WORK INSTRUCTIONS:
Search the listing below for the line containing "Tischläufer Kitami – Braun, Apelt kaufen". From there through the line containing "Kit De 3 Ponteiras", transcribe every line exactly, both ends included.

PROVIDED RECORDS:
▽
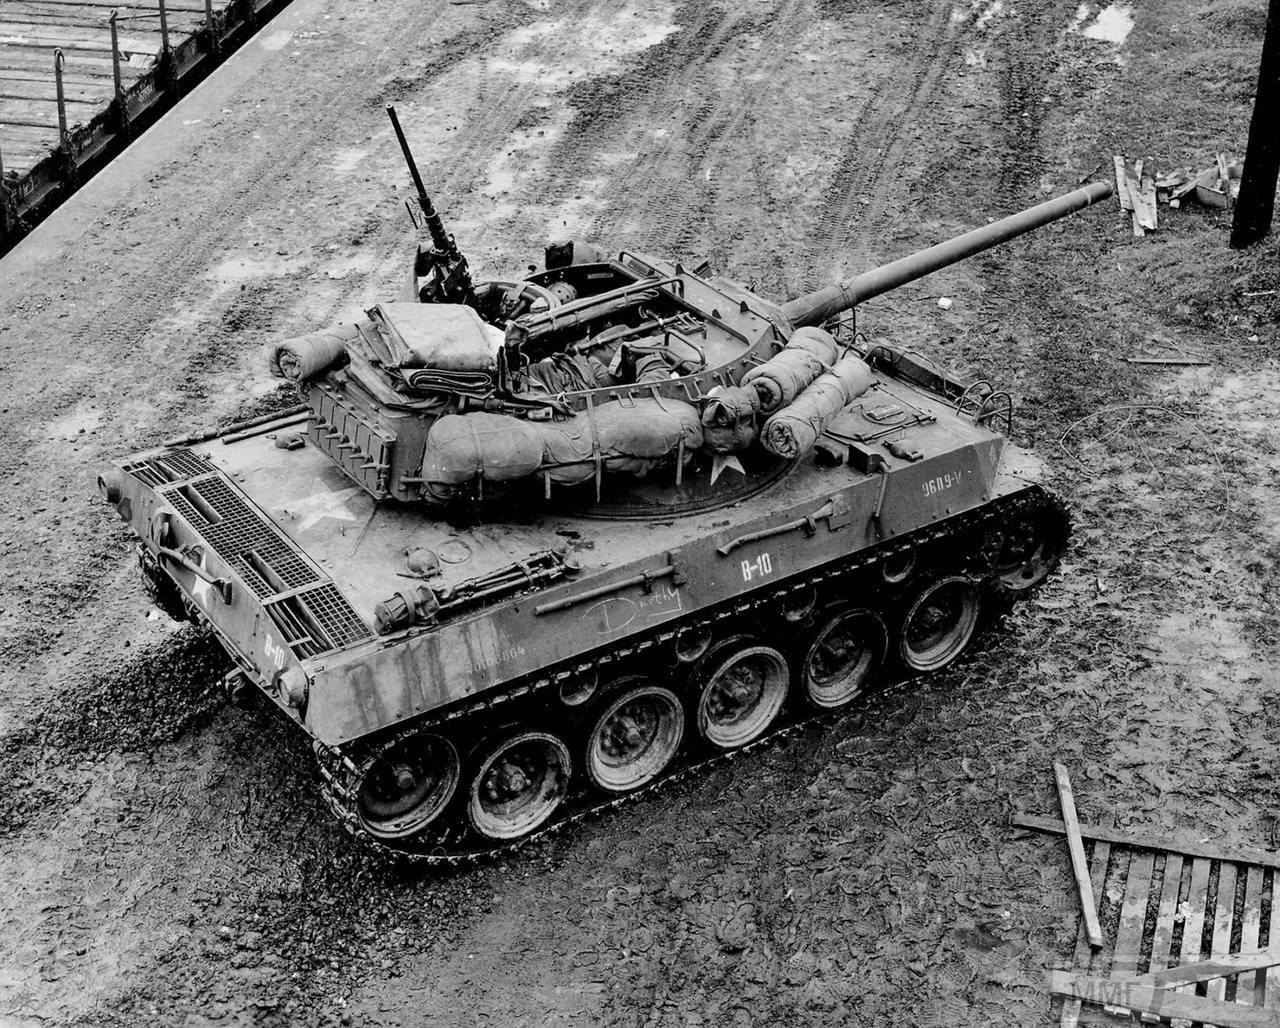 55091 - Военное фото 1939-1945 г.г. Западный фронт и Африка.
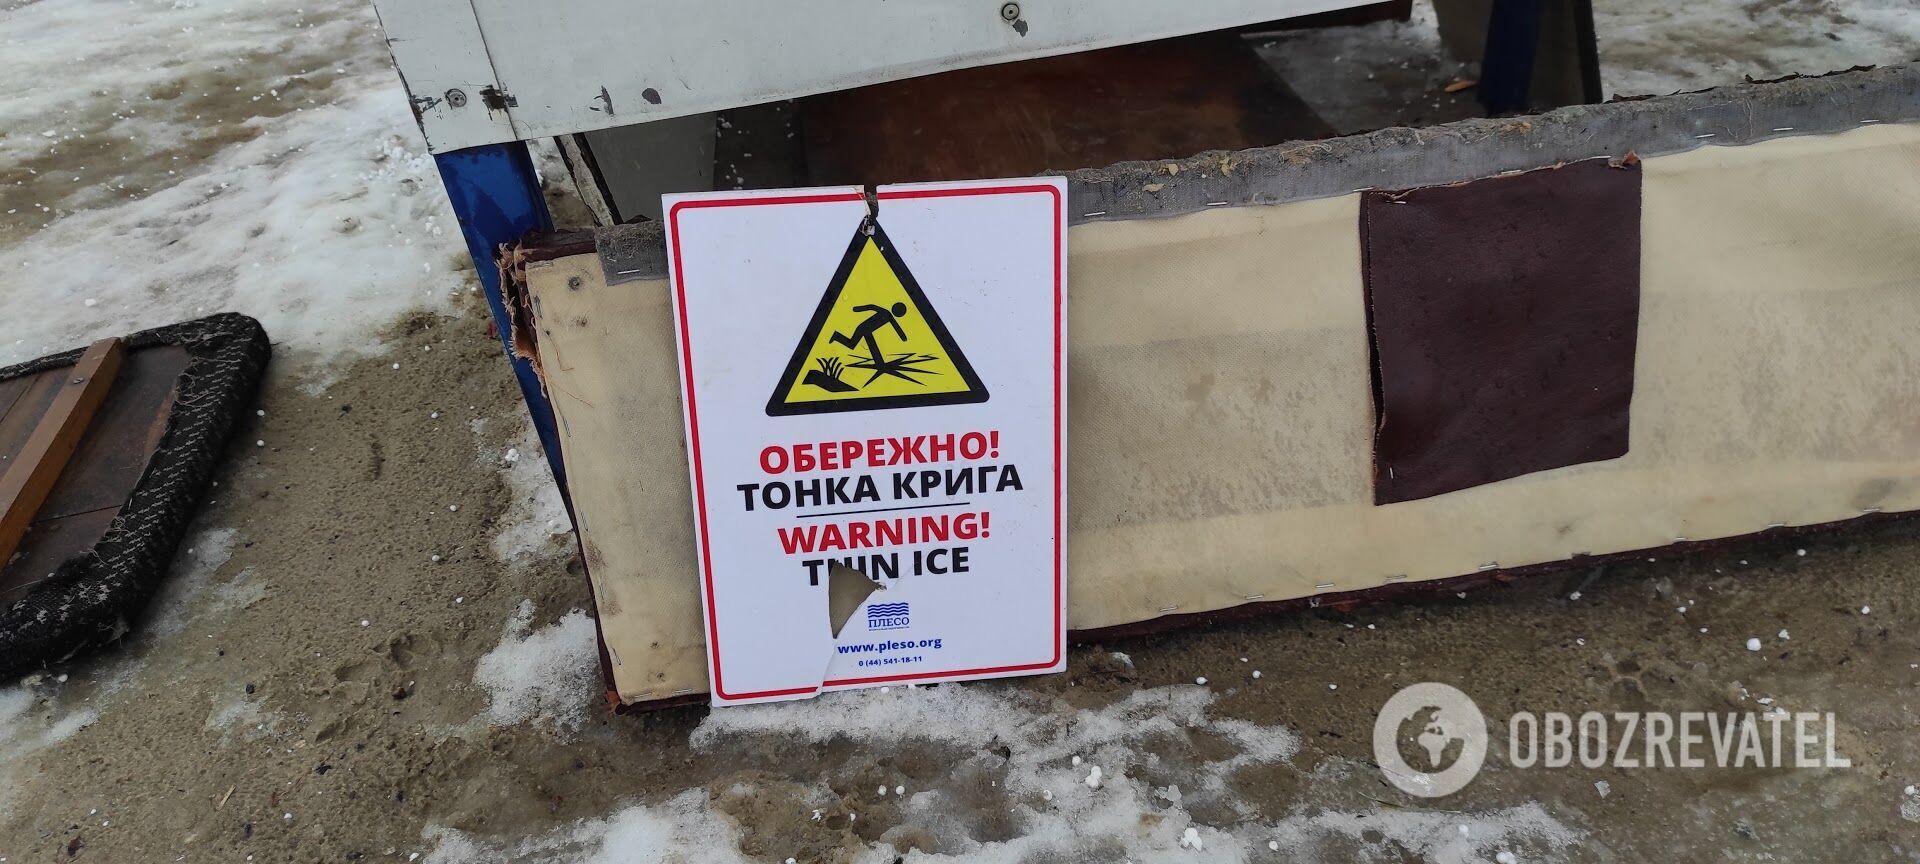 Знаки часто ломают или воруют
△
▽
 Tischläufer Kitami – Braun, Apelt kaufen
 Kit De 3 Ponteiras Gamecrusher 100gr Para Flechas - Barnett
△
YOUR SOLUTION:
 Tischläufer Kitami – Braun, Apelt kaufen
 Kit De 3 Ponteiras Gamecrusher 100gr Para Flechas - Barnett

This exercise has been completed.